Apart from any images, the entries are to be output exactly.

**Source records**
******

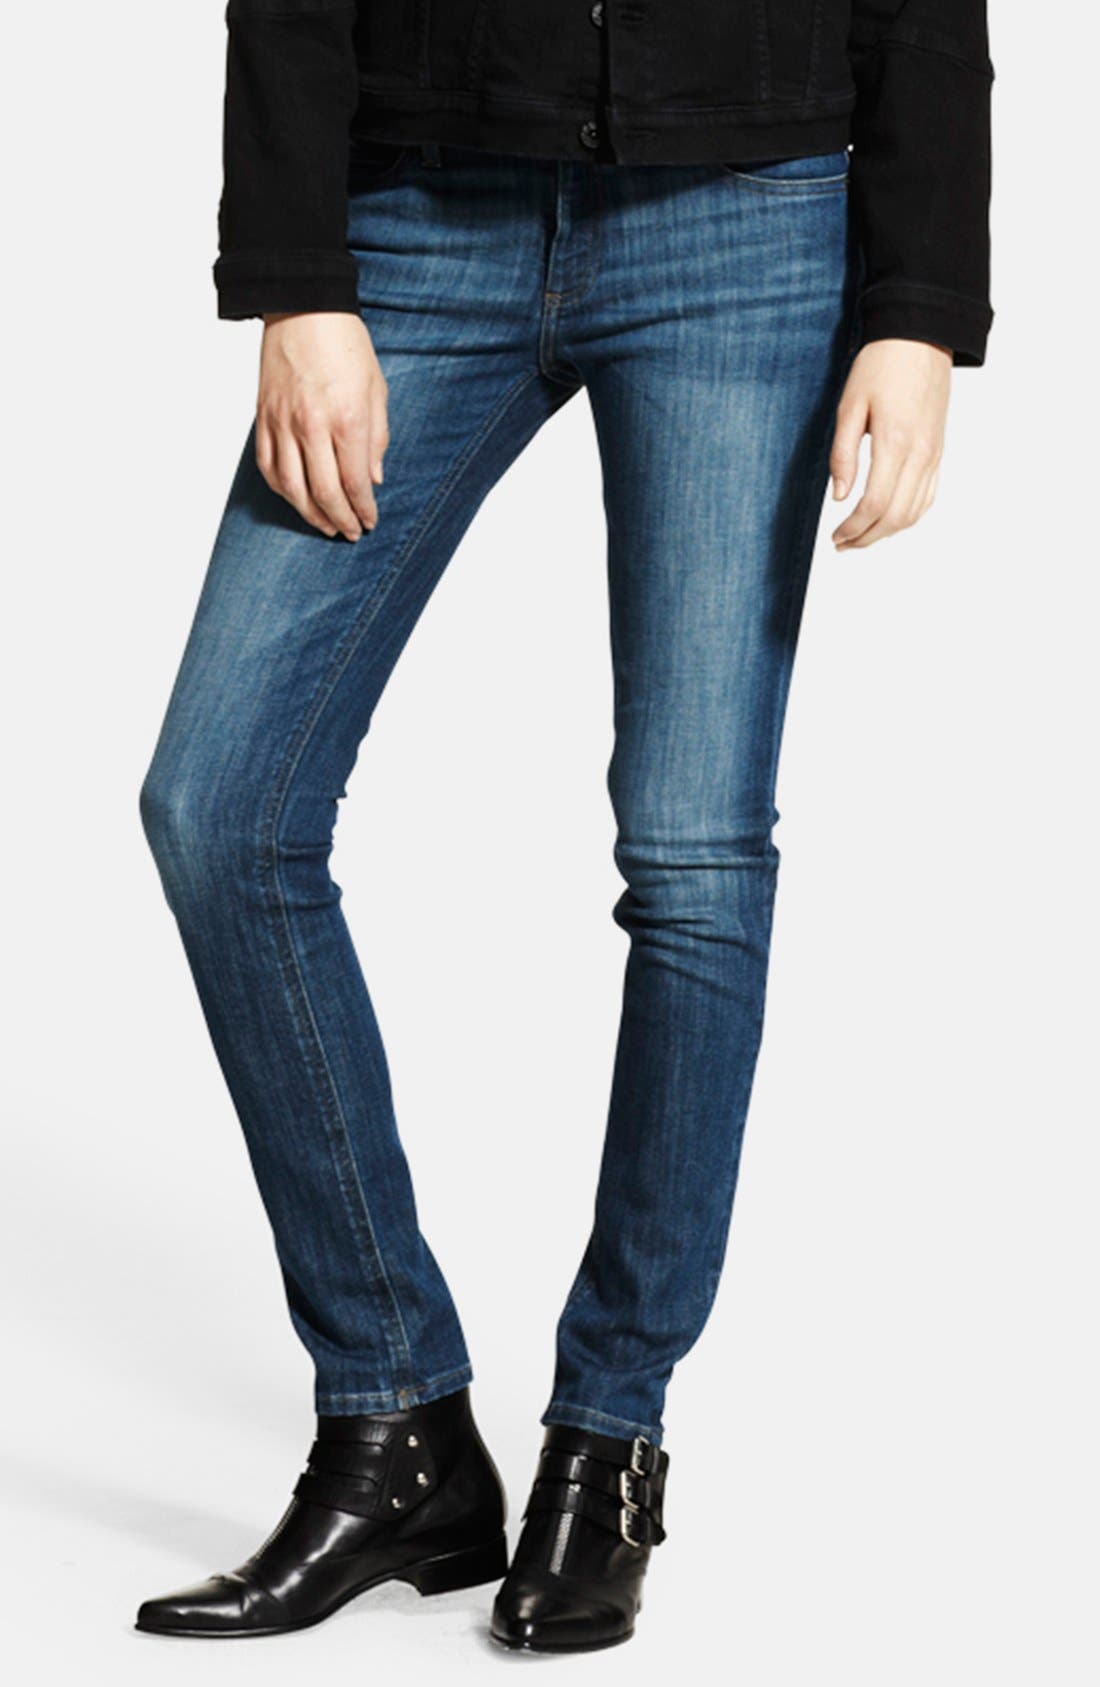 dl jeans nordstrom rack
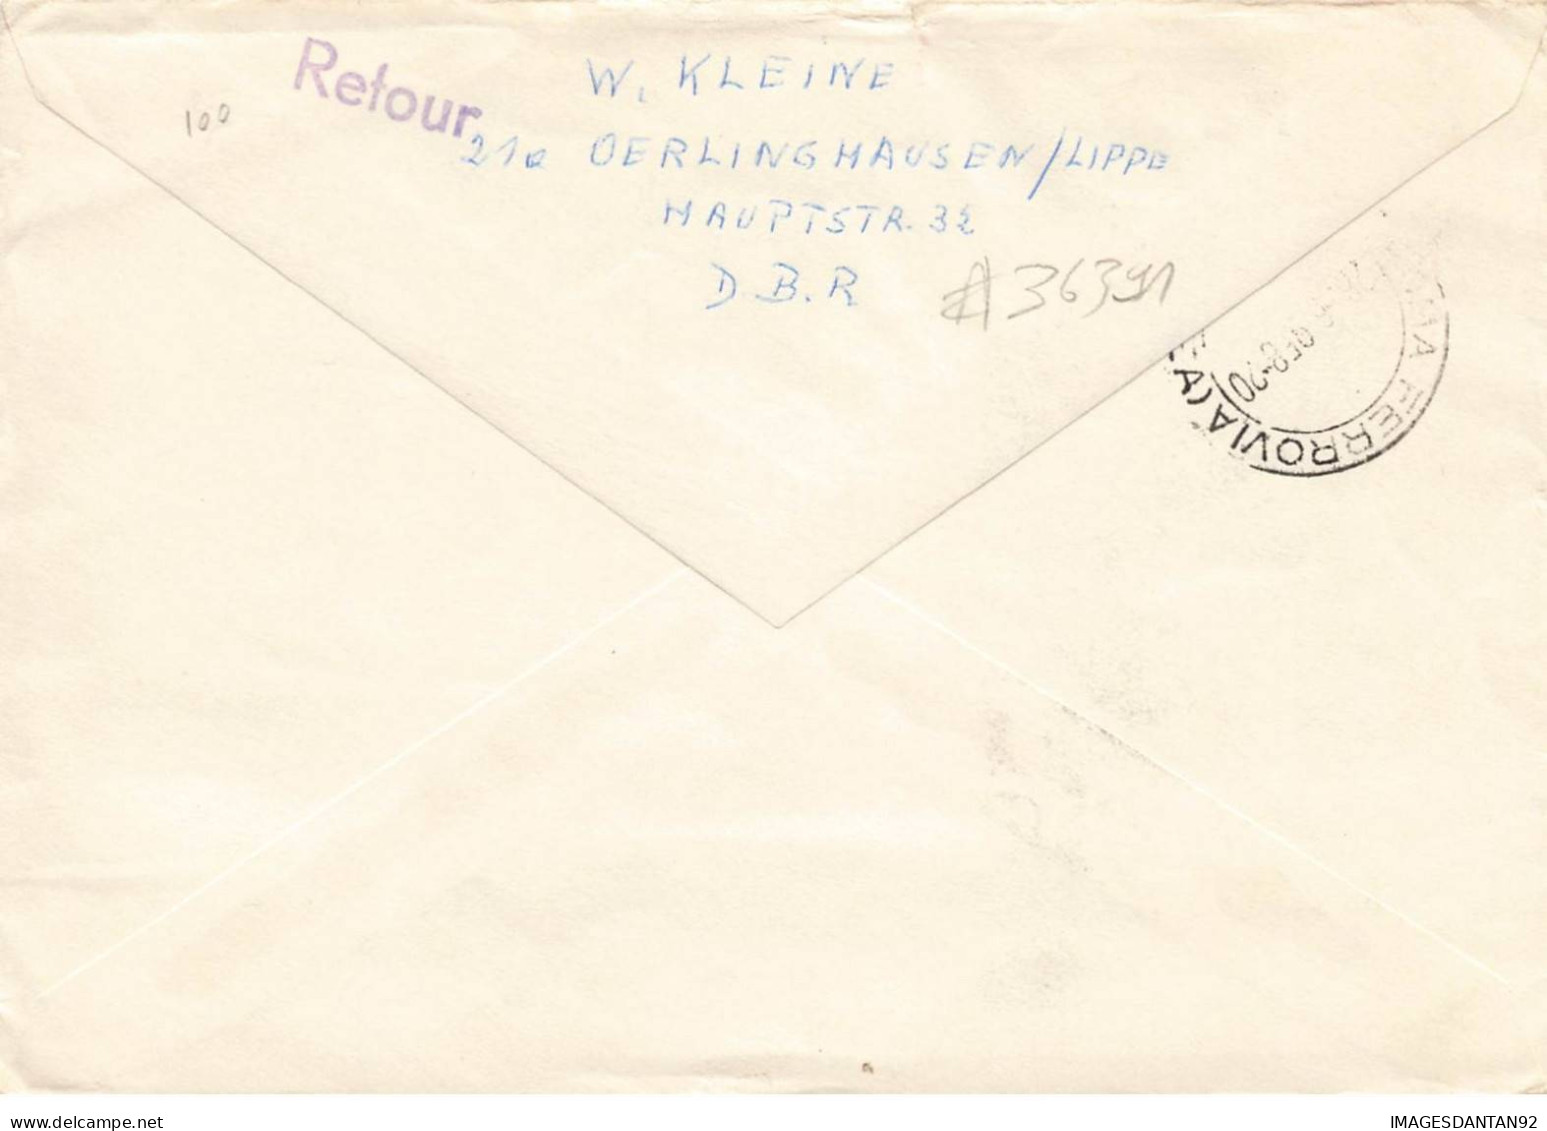 AUTRICHE #36391 MIT FLUGPOST PAR AVION AUSTRIAN AIRLINES WIEN ROM ROME 1958 - Unused Stamps
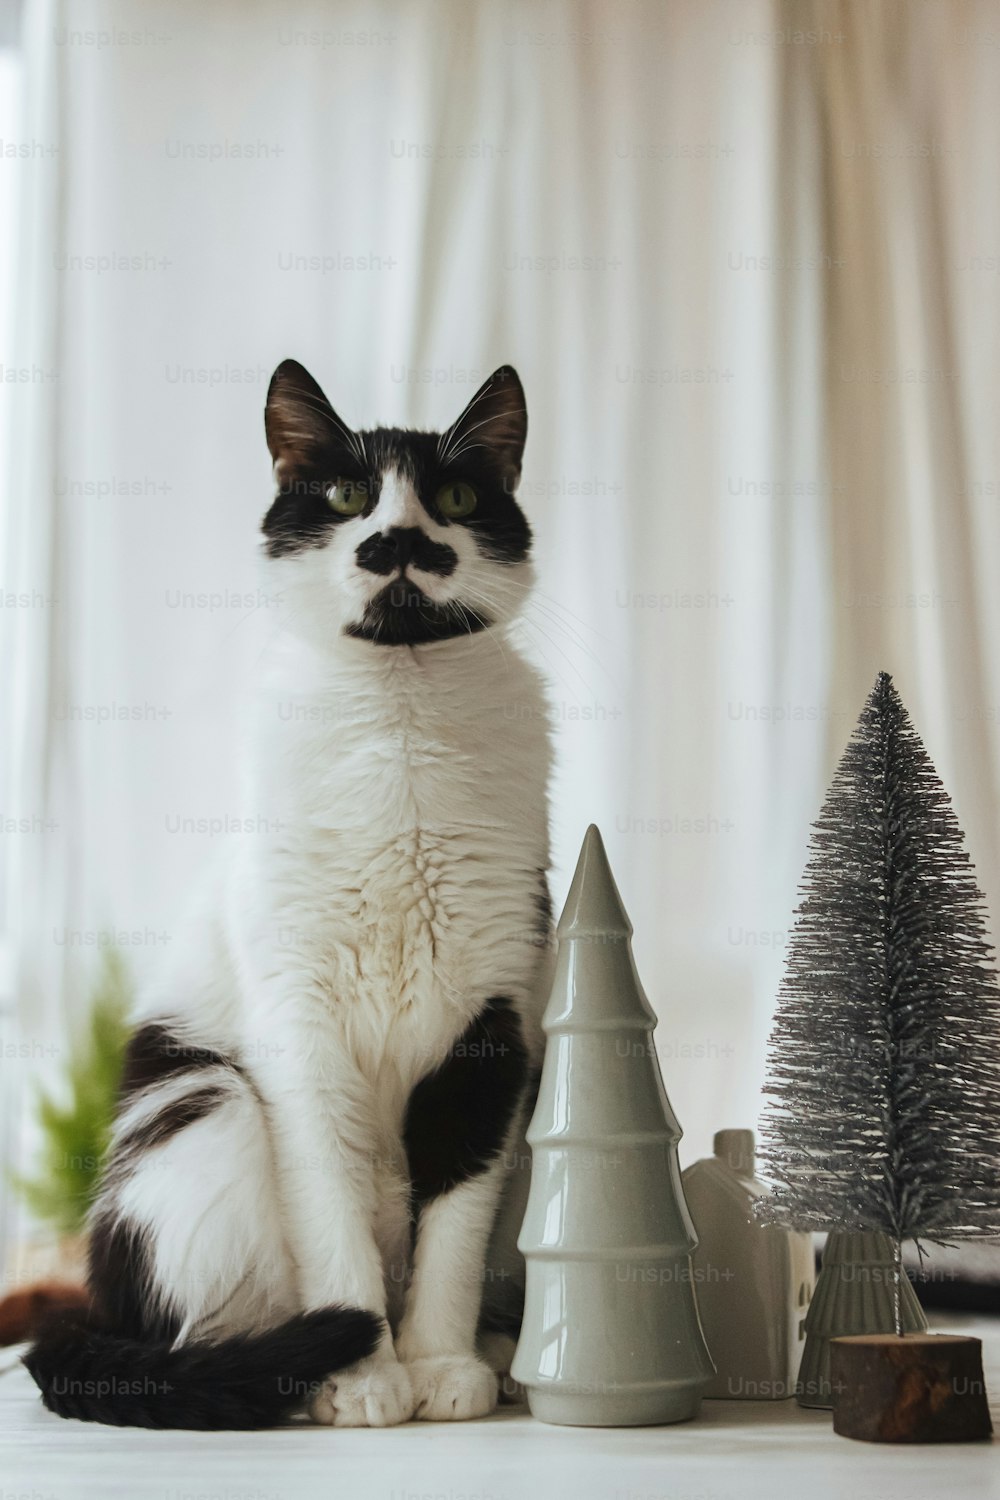 Süße Katze sitzt an modernen Weihnachtsdekorationen, kleinen Bäumen und Häusern. Süße schwarz-weiße Katze, die an Miniatur-Dorf-, Haus- und Weihnachtsbäumen im festlichen Raum posiert. Frohe Weihnachten!
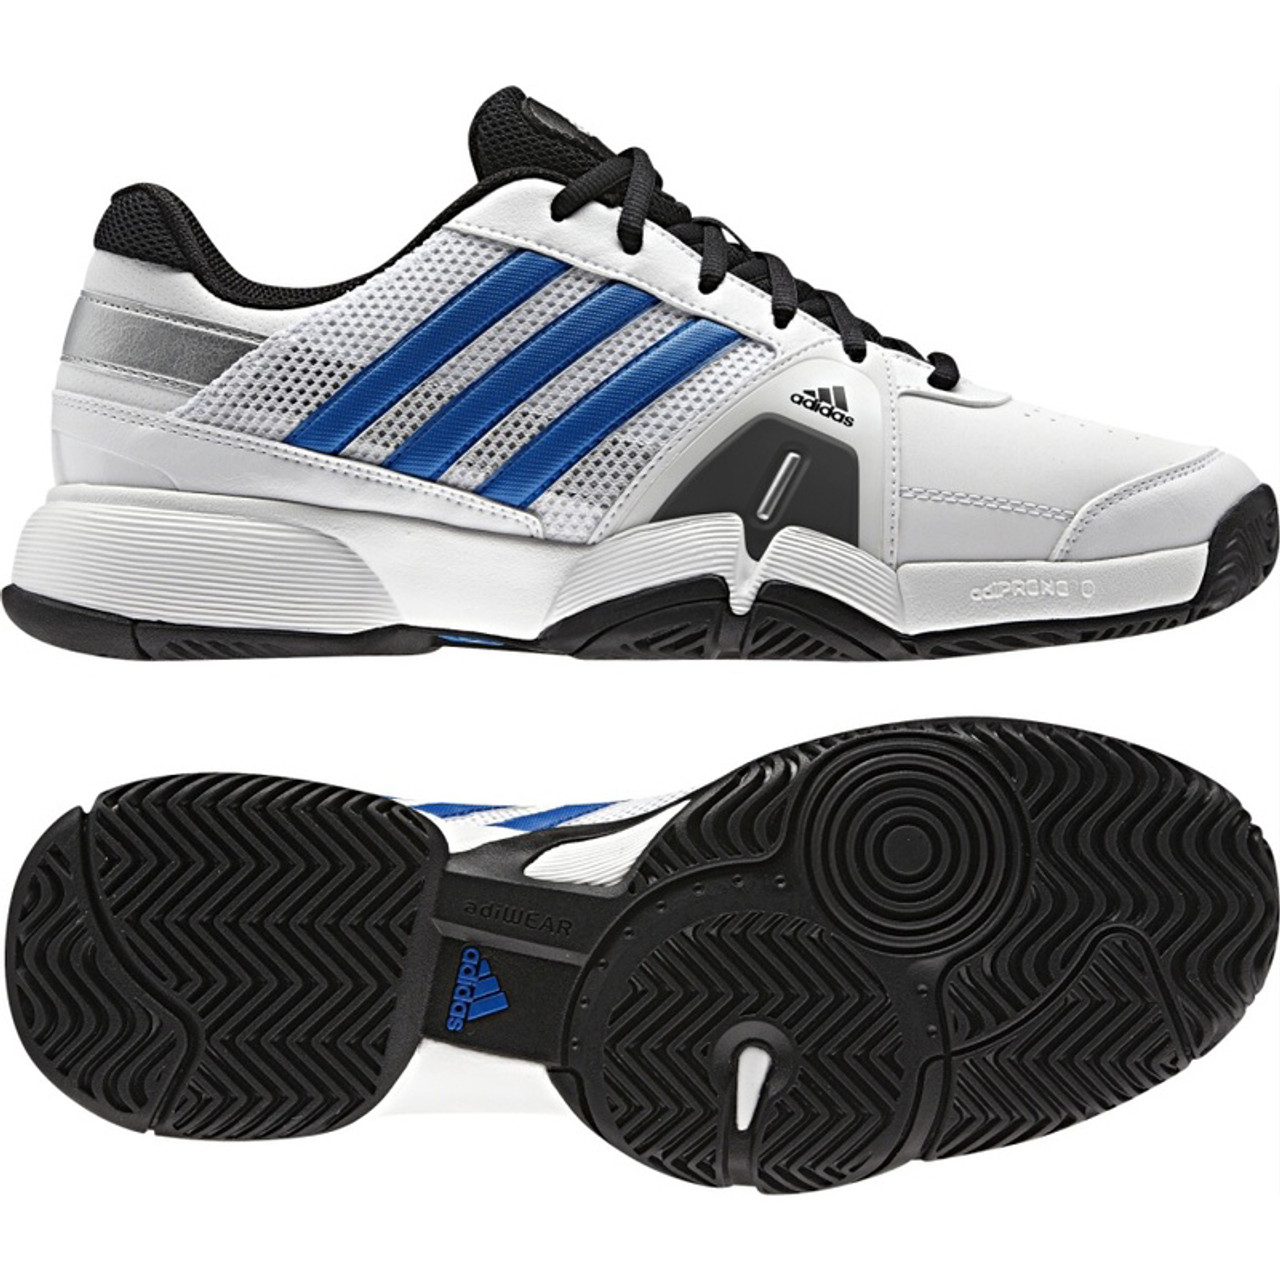 Adidas Barricade 3 White/Blue Mens Shoes - Discount Adidas Men's Athletic Shoes & More - | Shoolu.com
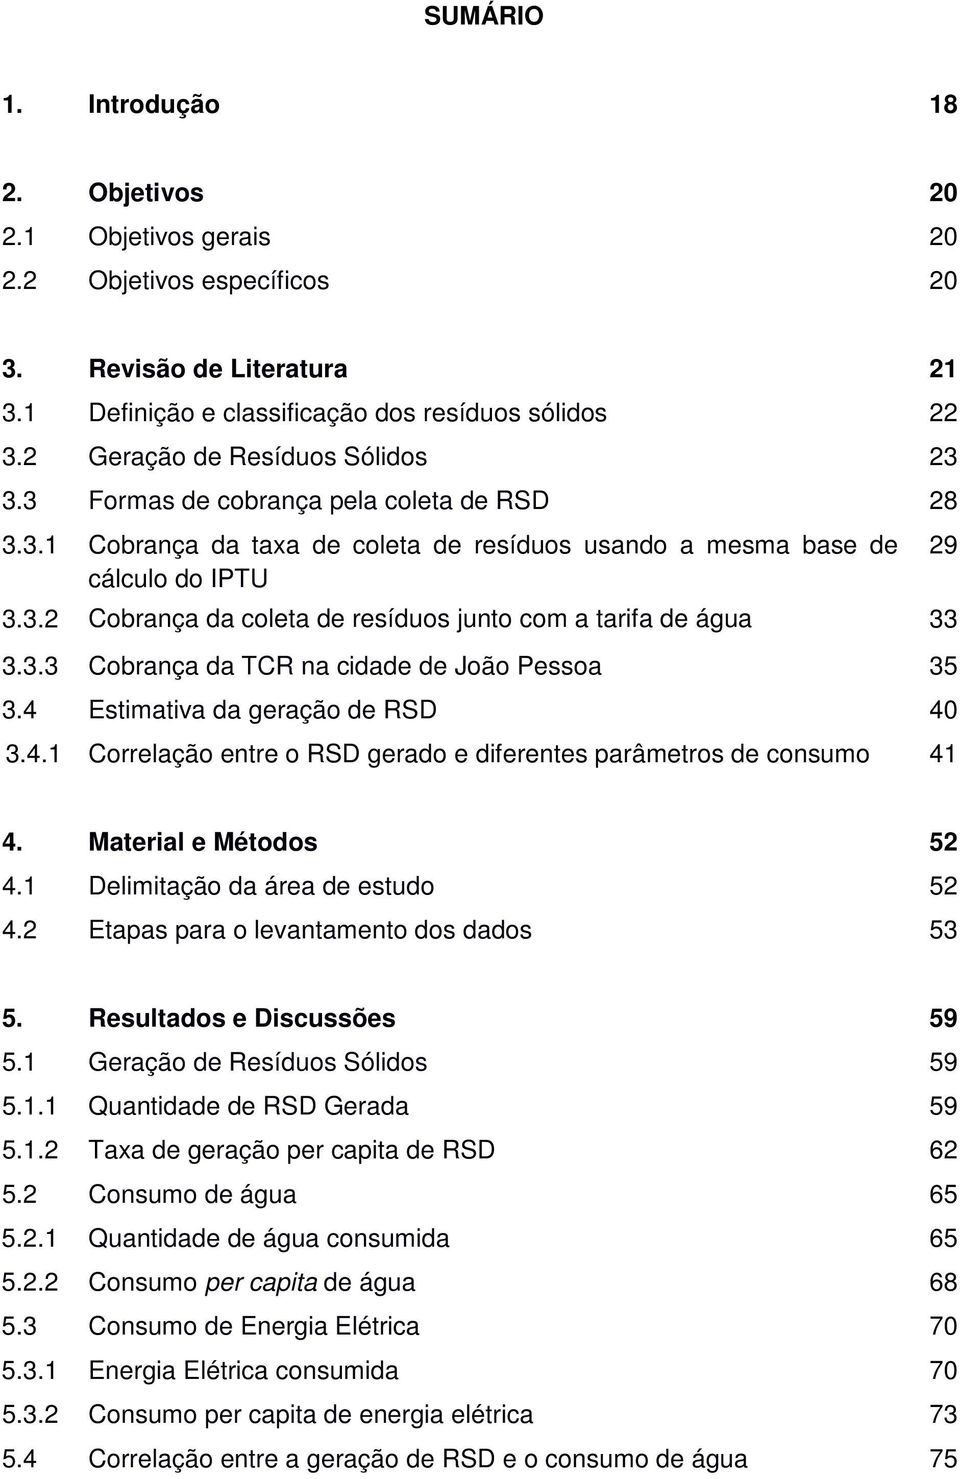 3.3 Cobrança da TCR na cidade de João Pessoa 35 3.4 Estimativa da geração de RSD 40 3.4.1 Correlação entre o RSD gerado e diferentes parâmetros de consumo 41 29 4. Material e Métodos 52 4.

******

**ANSWER TO THIS TASK**
 dl jeans nordstrom rack
 AUTRICHE #36391 MIT FLUGPOST PAR AVION AUSTRIAN AIRLINES WIEN ROM ROME 1958 - Unused Stamps
 Süße Katze sitzt an modernen Weihnachtsdekorationen, kleinen Bäumen und Häusern. Süße schwarz-weiße Katze, die an Miniatur-Dorf-, Haus- und Weihnachtsbäumen im festlichen Raum posiert. Frohe Weihnachten!
 Adidas Barricade 3 White/Blue Mens Shoes - Discount Adidas Men's Athletic Shoes & More - | Shoolu.com
 3.3 Cobrança da TCR na cidade de João Pessoa 35 3.4 Estimativa da geração de RSD 40 3.4.1 Correlação entre o RSD gerado e diferentes parâmetros de consumo 41 29 4. Material e Métodos 52 4.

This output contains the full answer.